> _Your instructions_: Restate every line below word for word, but drop each picture.

> _Data below_:
------------------------
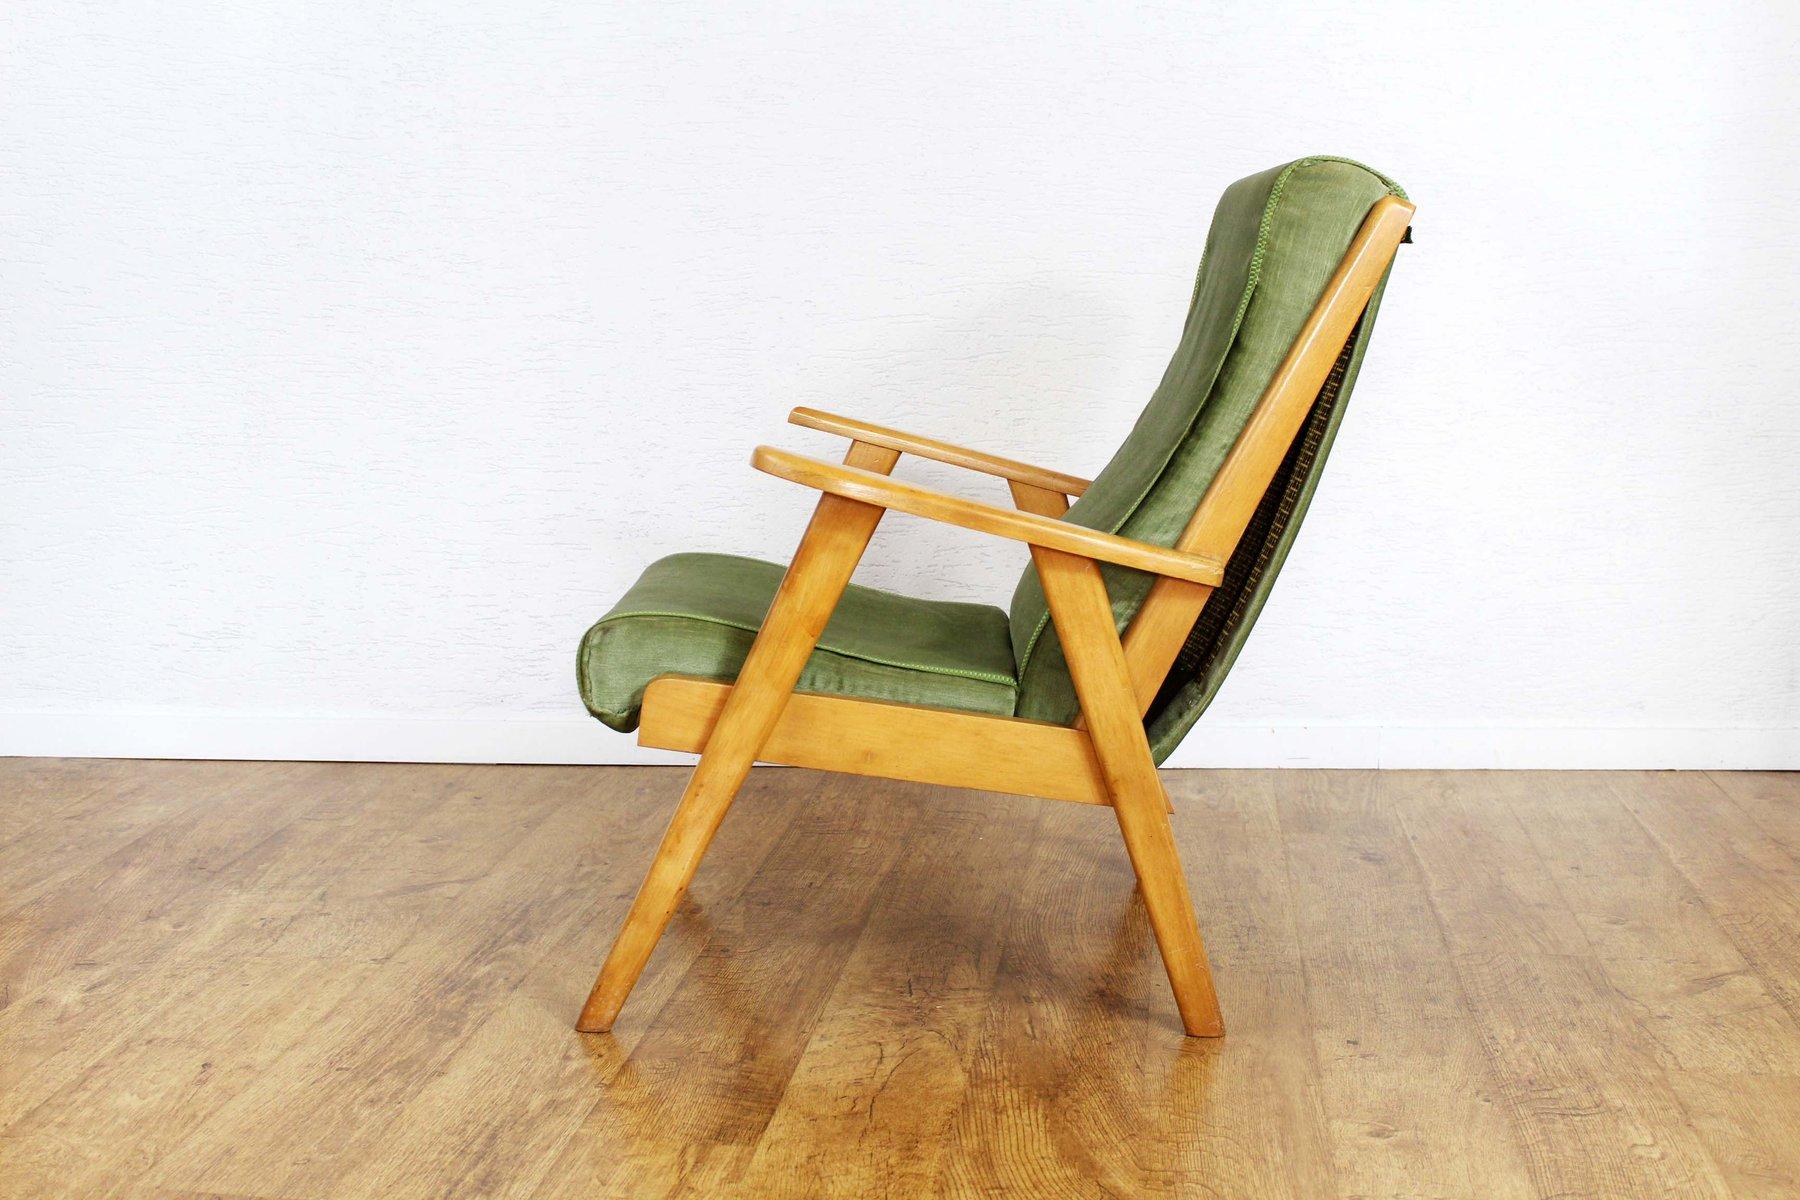 fauteuil scandinave mid century en vente sur pamono. Black Bedroom Furniture Sets. Home Design Ideas
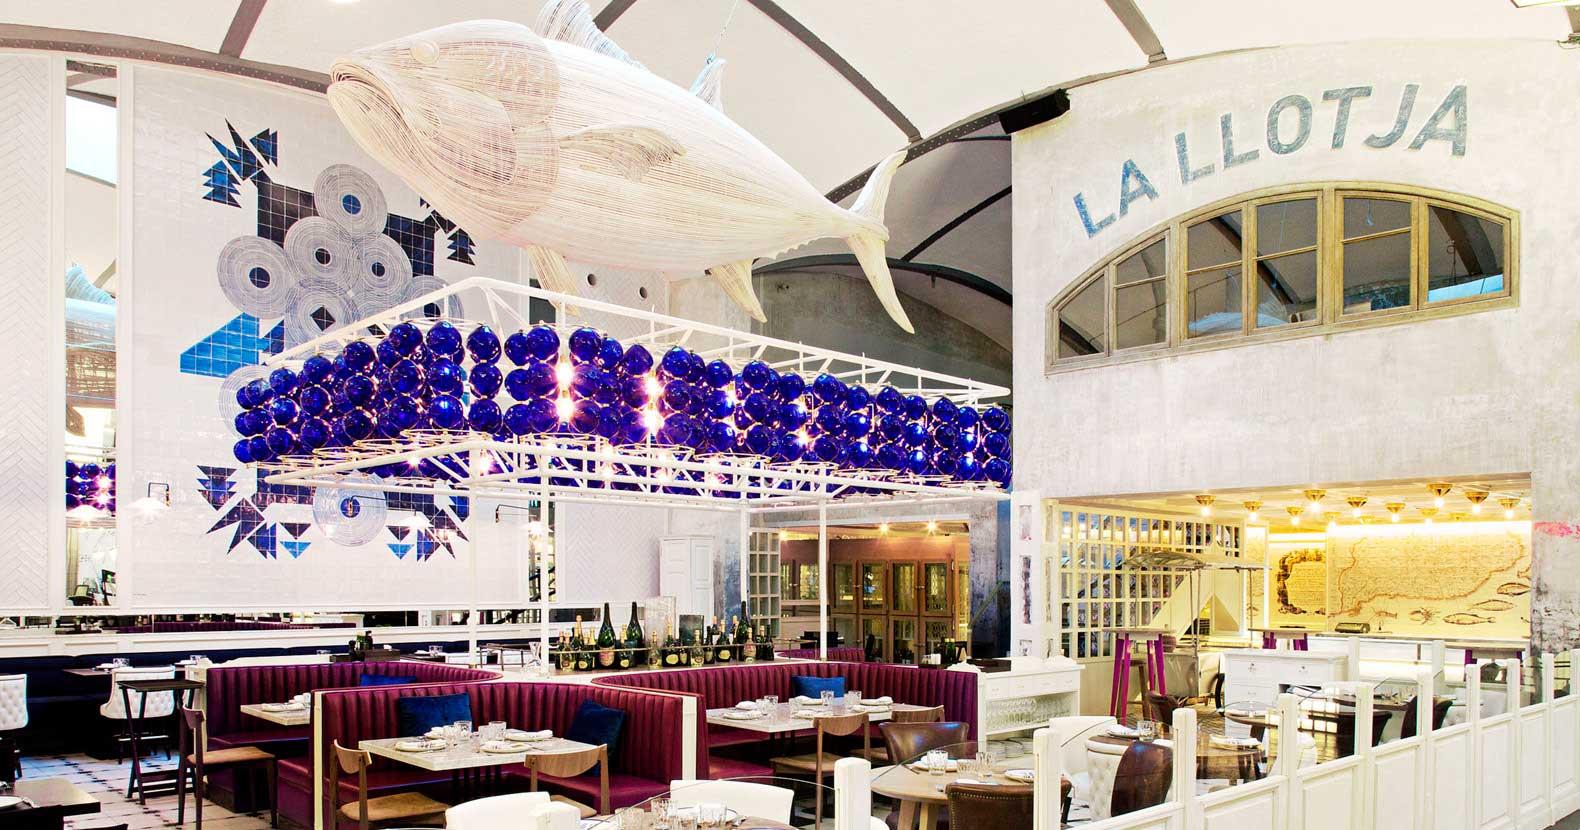 El_Nacional_Barcelona_restaurante_multidisciplinar_bar_14
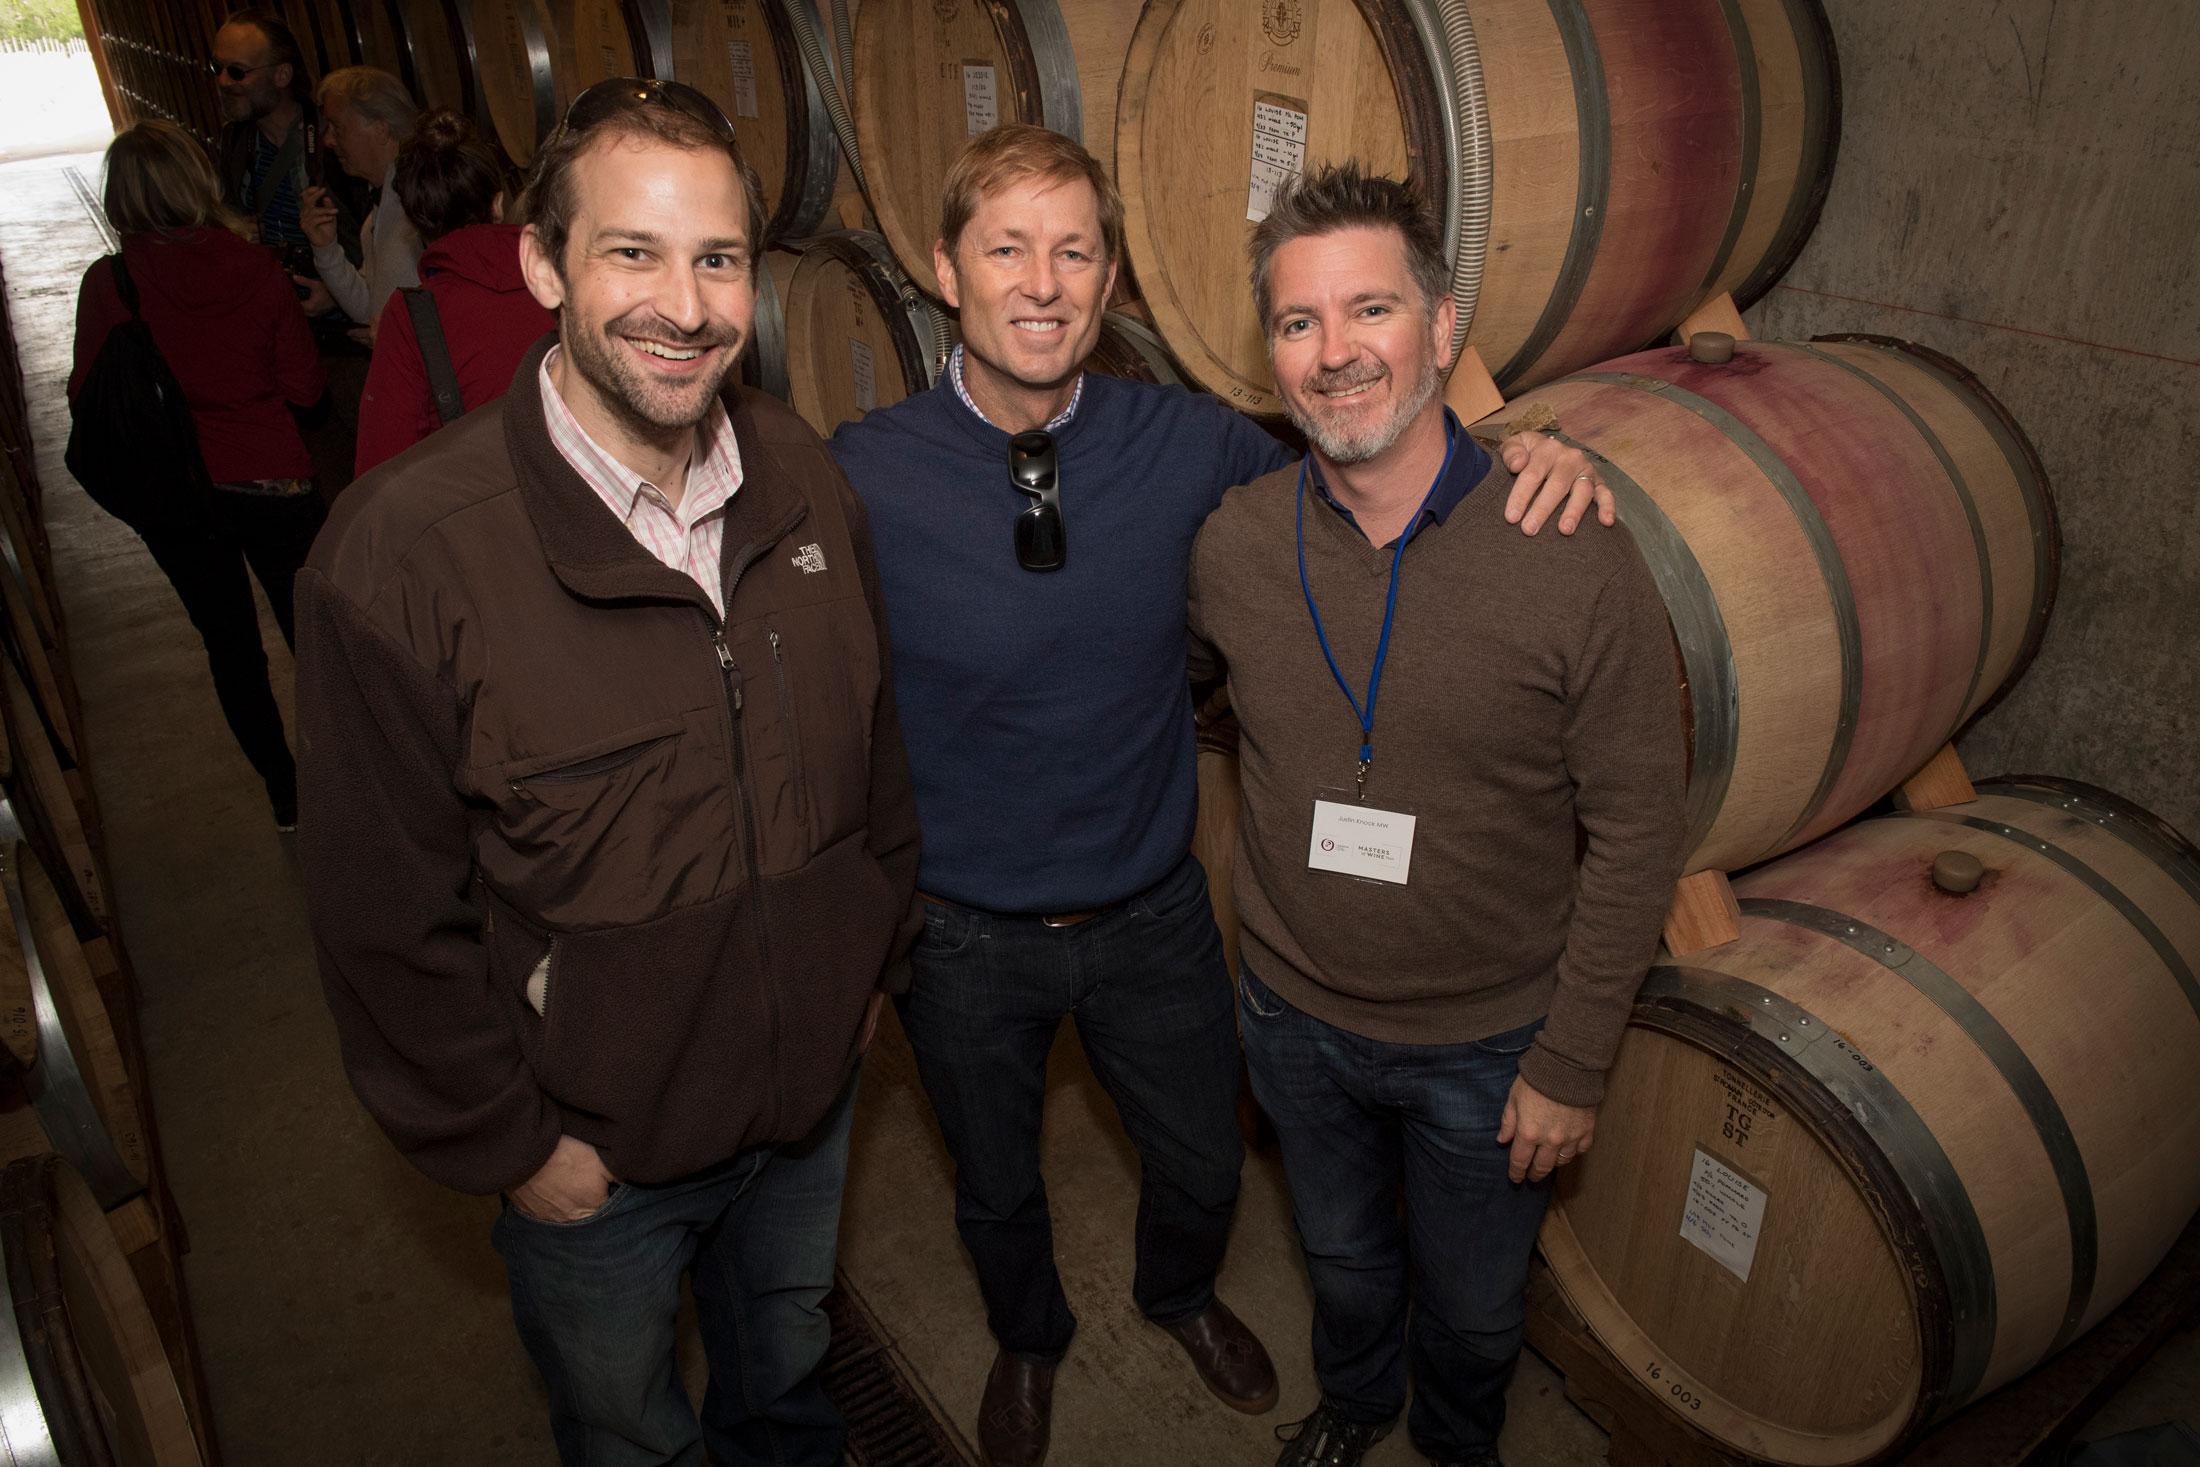 Masters of Wine at Cristom Vineyards
------------------------
> _Exercise output_:
 fauteuil scandinave mid century en vente sur pamono. Black Bedroom Furniture Sets. Home Design Ideas
 El_Nacional_Barcelona_restaurante_multidisciplinar_bar_14
 Masters of Wine at Cristom Vineyards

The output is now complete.